Here, we’ve compiled a list of attractive golf gambling games to choose from when you want to up your stakes.

The Nassau

One of the most popular golf bets owes its name to the Nassau Country Club of Glen Cove, Long Island, and it was devised as a way for players to evade embarrassment. You might wonder - why? Allegedly, rich industrialists who played golf at this club feared that local newspapers reporting their losses might ruin their reputations; to prevent bruised egos, they came up with a system that doesn’t allow even the worst loss to be reported as anything more than 3-0.

The Nassau wager consists of three bets bundled in one: front nine, back nine, and overall (all 18 holes). The most common form of betting is the $2 Nassau, also known as “2-2-2”, where each of the three bets is worth $2, so if you or your team sweep all three, you get a total of $6.

Before the game, players decide if they’ll use handicaps and allow pressing. If they opt for pressing, the losing side can offer the press - which is basically a side bet - when they are two or more holes down during the front-nine, back-nine, or 18-hole segment, in an attempt to even their money by doubling the bet. Of course, if they lose, their loss will double.


Known as “scats,” “cats,” or “syndicates,” the game of skins quickly gained popularity across the US in the last decade of the 20th century.

Before their tee shots, all players must stake a certain amount (usually $1) and agree upon the scoring type - net or gross - and whether or not handicaps will be allowed. It’s essential to have someone keeping the score for each participant.

The next step would be to determine the value of each skin. Each hole is usually worth $1, but if you’d like to liven things up, you can gradually increase the value of the hole as the game progresses.

Now, the goal of each player or team is to score better than others with a pair or better on as many holes as possible. If it’s a tie, the value carries over to the next hole, doubling the price; skins can keep mounting up until there is an outright winner, which adds to the pressure and excitement.


What screams “gambling” louder than Vegas? Named after the world’s capital of gambling, this golf variant is perfect for those into high stakes and high-intensity games. Vegas asks for two-player teams and has a unique scoring system. Prior to the game, teams should set their wager amounts per point, usually somewhere between $0.1 and $2.

Once the match begins, you can throw traditional maths out of the window. Instead of adding up the scores of team players, Vegas asks for pairing them. For example, if each team member scores four, the total score of the team is not 8, but 44. If one scores 5 and the other one 4, they get 54. The amount of money a team gets is calculated by subtracting the higher and lowered paired scores. In our example, the first team would win 10 points.

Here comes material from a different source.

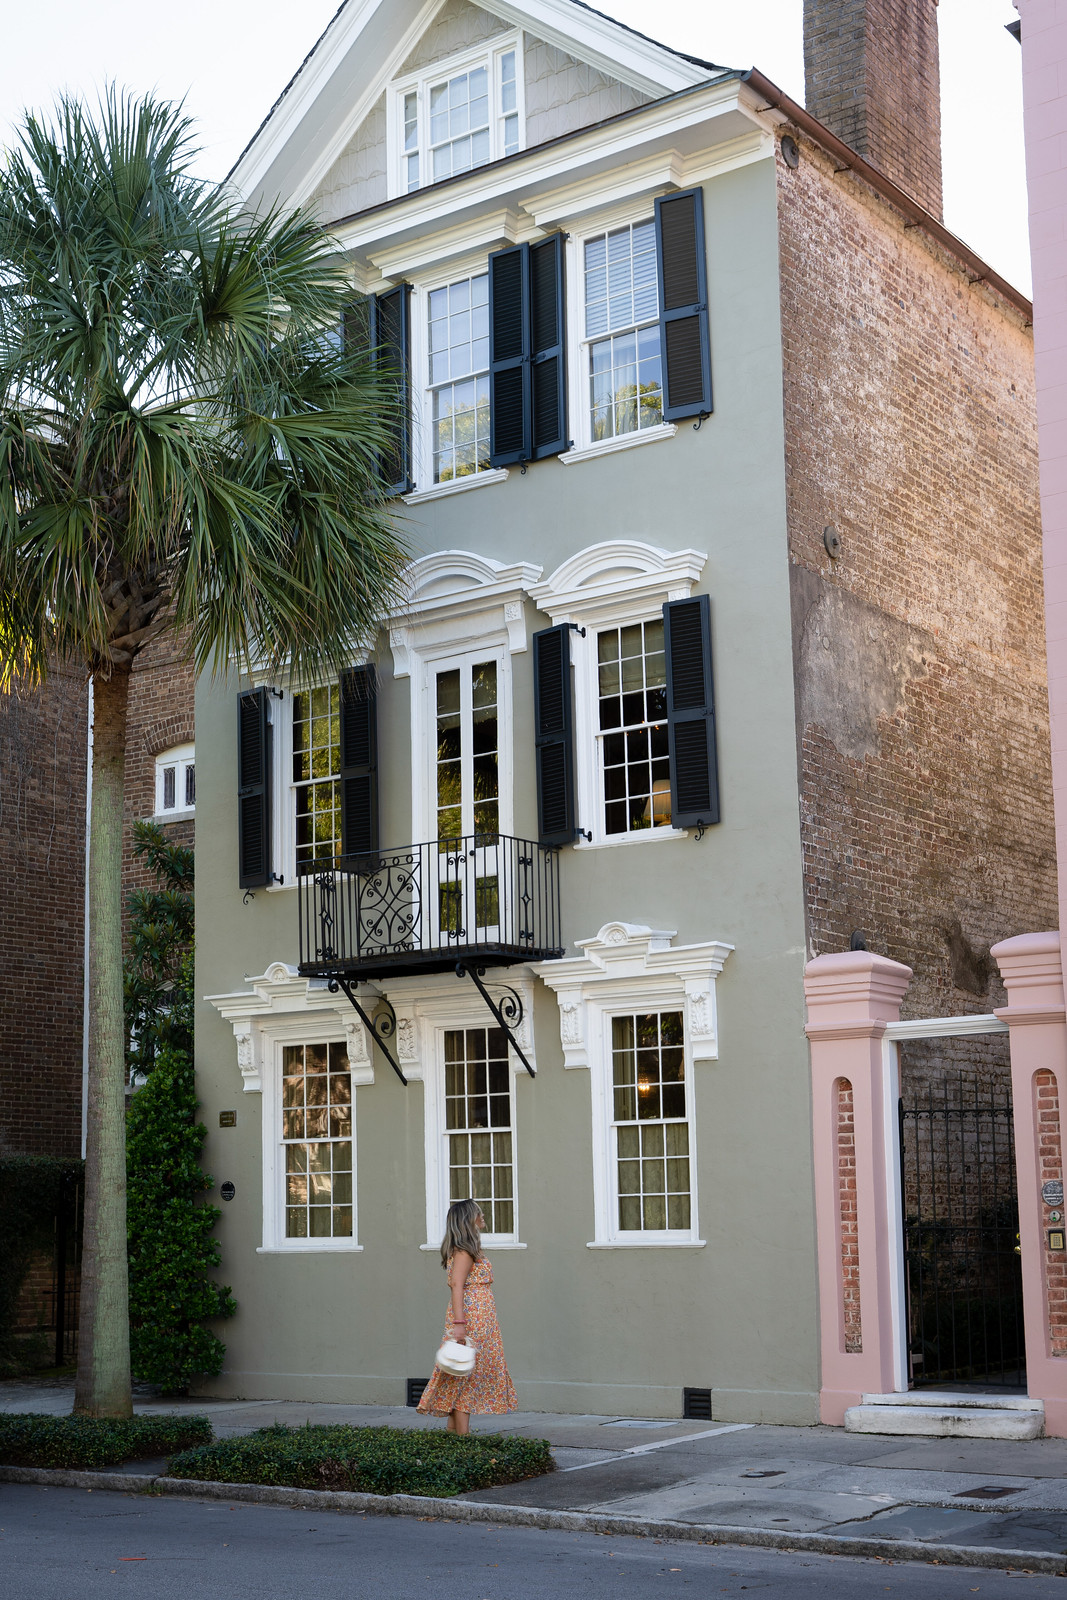 10 Things You Must Do in Charleston | Colorful Houses on Meeting St | What to Do in Charleston South Carolina | Charleston Travel Guide | Top Things to do in Charleston | Best Things to Do in Charleston SC | What to See, Do & Eat in Charleston

Hitting double figures can result in huge losses, so it’s always prudent to agree on a cap on total losses and stakes. We recommend playing with nickels, dimes, quarters, or similar amounts of money to avoid breaking the bank.

The Bottom Line

The long history of golf has given rise to many variations of the game, with differing numbers of players, stakes, and scoring systems. Incorporating betting elements in a game of golf brings more than an adrenaline boost; it allows less-skilled players to enjoy the competition and level up their performance. And there’s no need to play for high stakes; a round of drinks can do just fine.